#### PROVIDED DATA
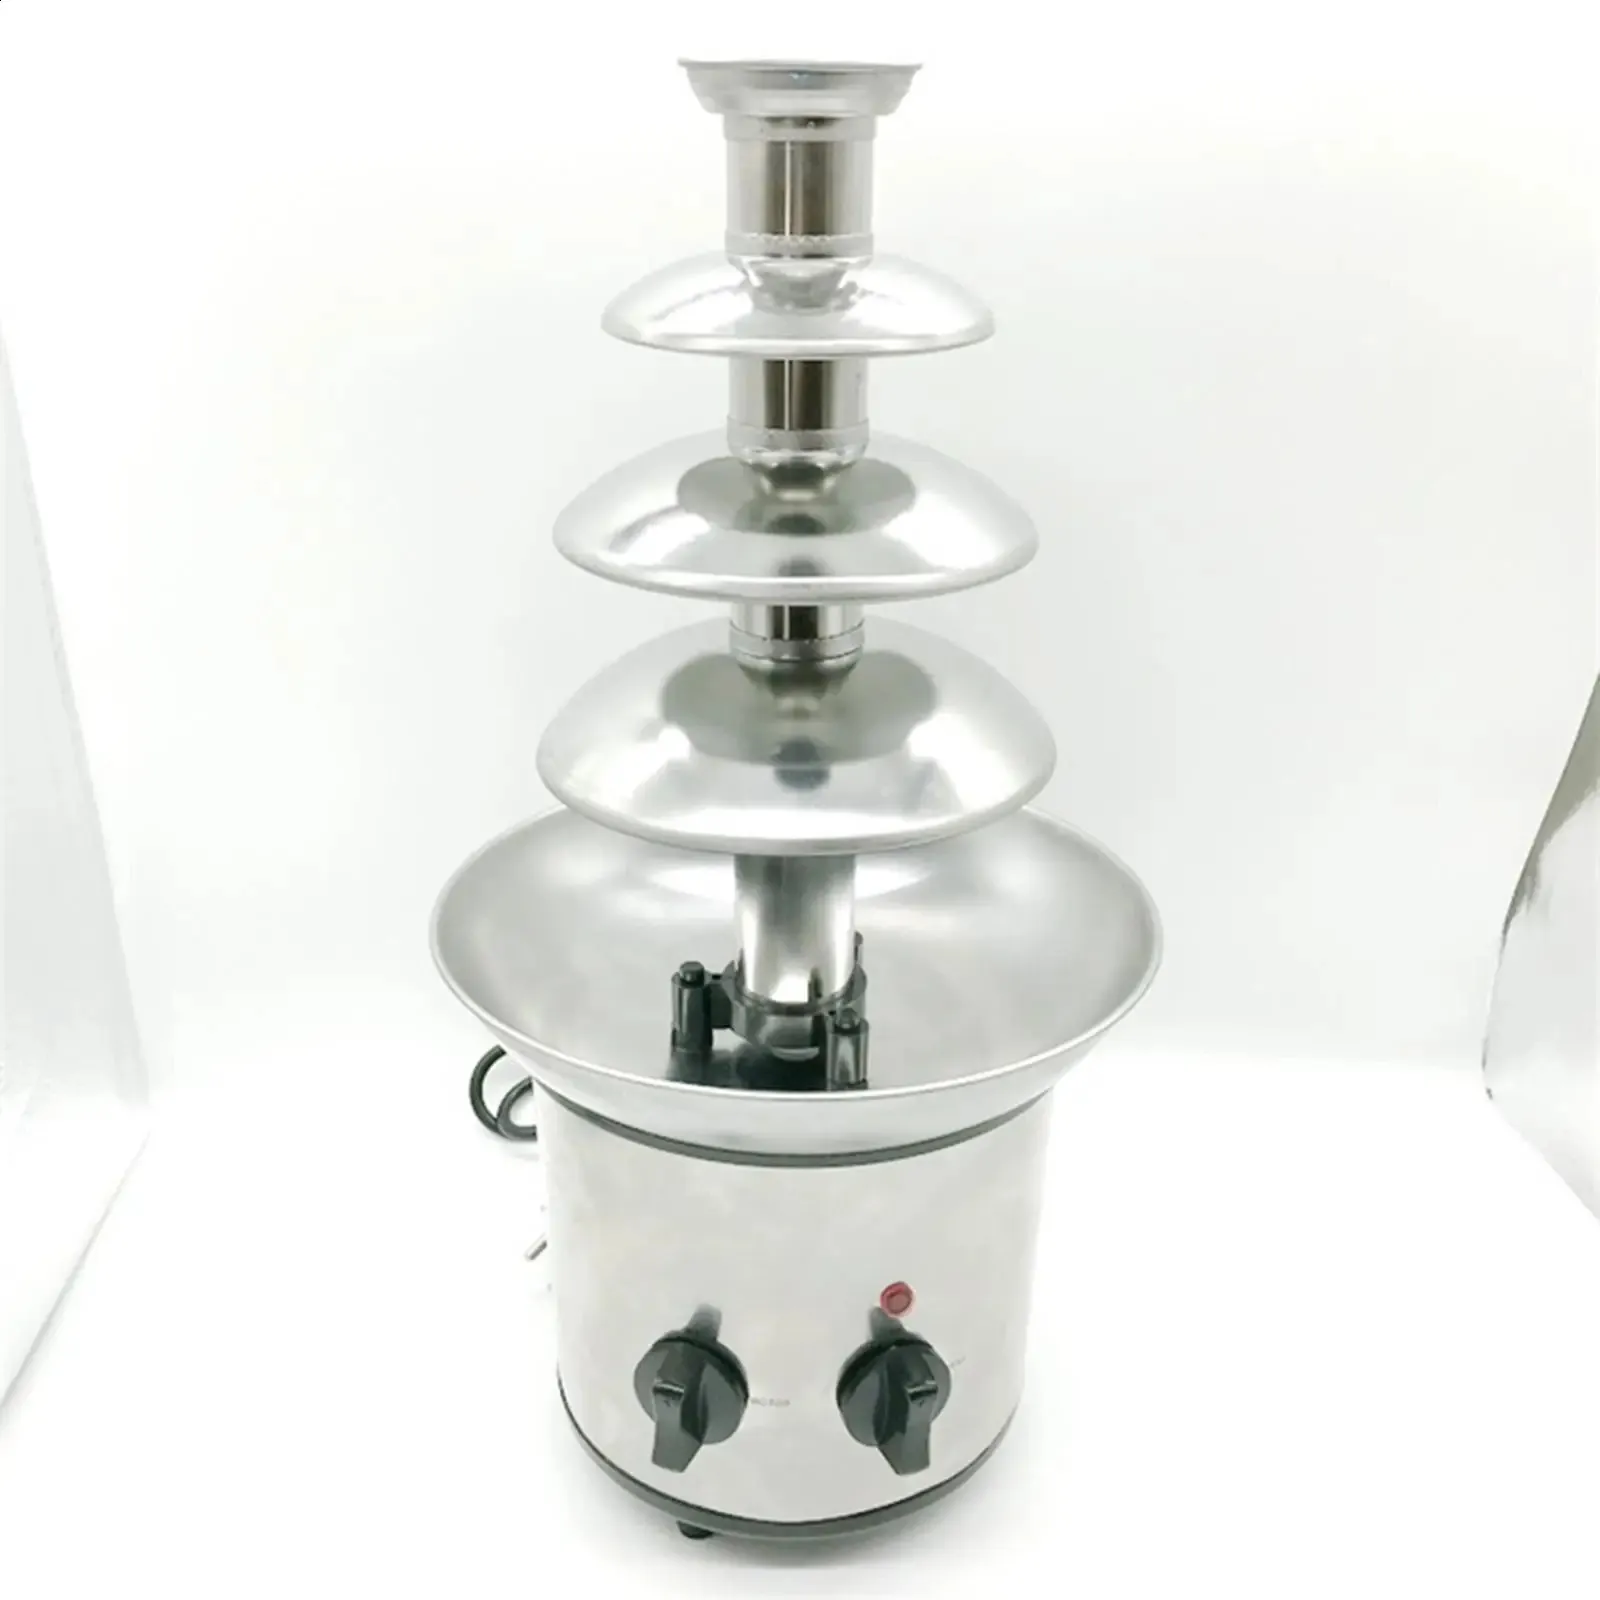 4 Layers Stainless Steel Chocolate Fountain Creative Design Chocolate with Heating Fondue Machine DIY Waterfall for Party
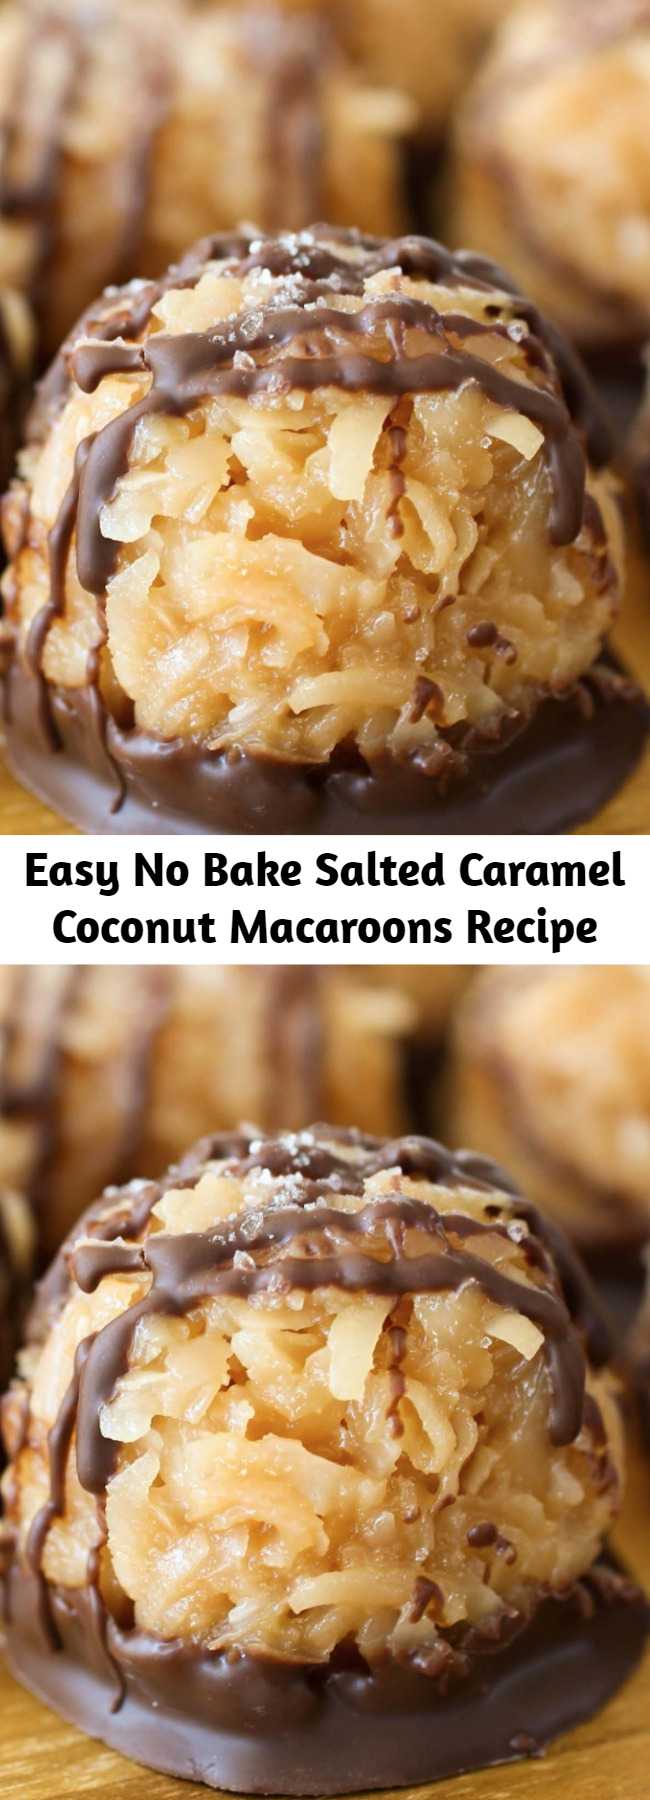 Easy No Bake Salted Caramel Coconut Macaroons Recipe - These No-Bake Salted Caramel Coconut Macaroons are so very easy that they may just become your go-to cookie recipe when you need something fast. Sweet coconut gets stirred into gooey caramel to form macaroons - then everything gets dipped and drizzled in chocolate. That's a lot of happiness to share!
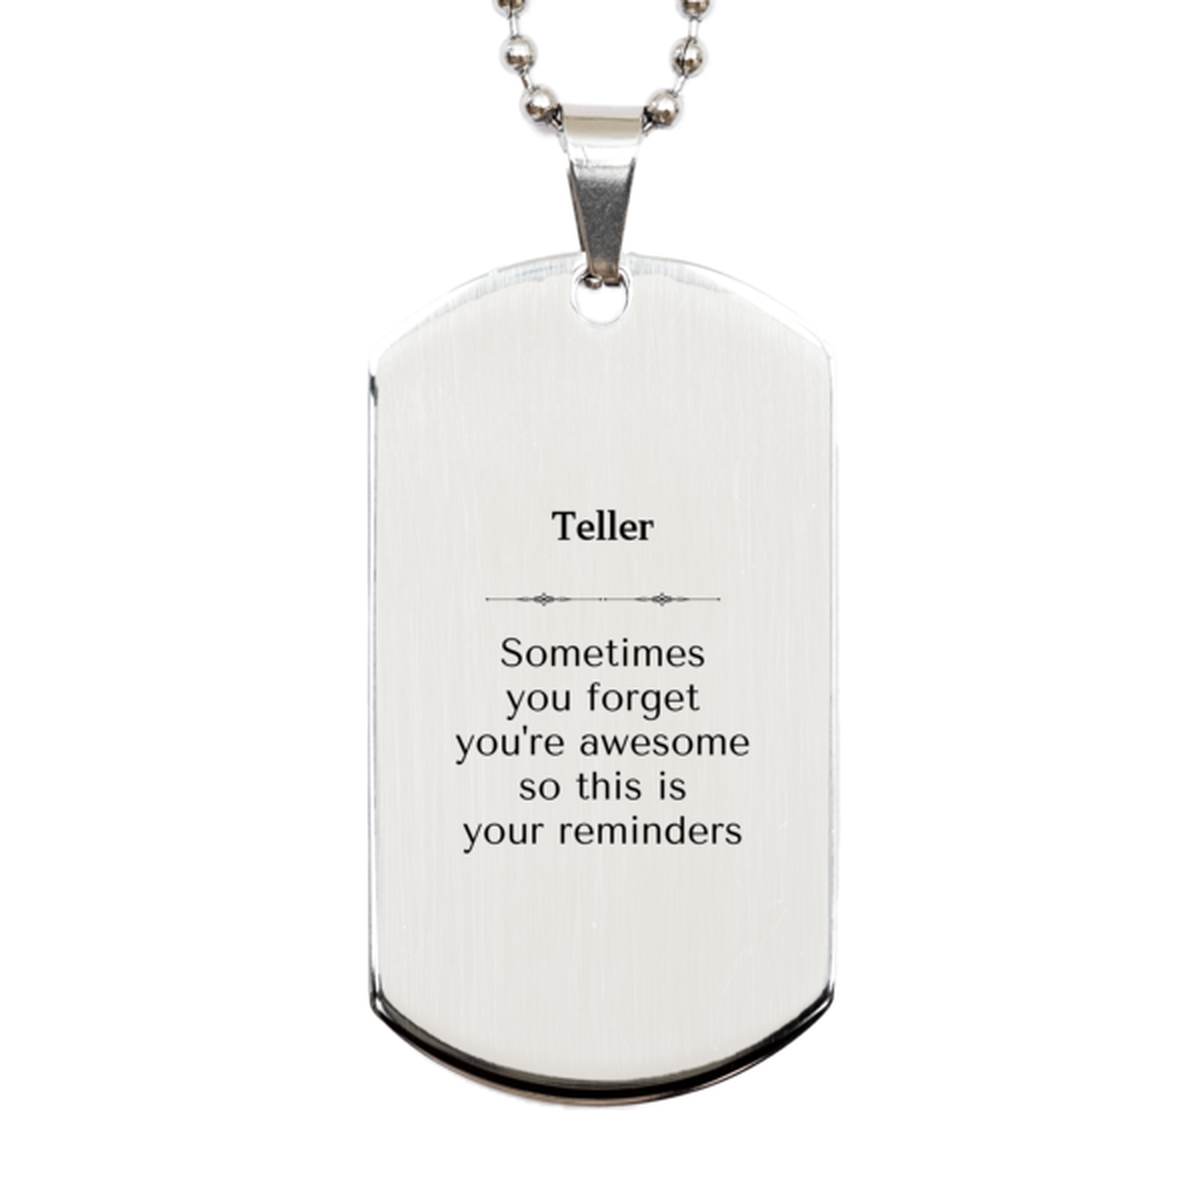 Sentimental Teller Silver Dog Tag, Teller Sometimes you forget you're awesome so this is your reminders, Graduation Christmas Birthday Gifts for Teller, Men, Women, Coworkers

#### PROBLEM DESCRIPTION
Return exactly what appears from the opening line of the material through the line with "Easy No Bake", apart from the pictures.

#### ANSWER TO THE EXERCISE
 4 Layers Stainless Steel Chocolate Fountain Creative Design Chocolate with Heating Fondue Machine DIY Waterfall for Party
 Easy No Bake Salted Caramel Coconut Macaroons Recipe - These No-Bake Salted Caramel Coconut Macaroons are so very easy that they may just become your go-to cookie recipe when you need something fast. Sweet coconut gets stirred into gooey caramel to form macaroons - then everything gets dipped and drizzled in chocolate. That's a lot of happiness to share!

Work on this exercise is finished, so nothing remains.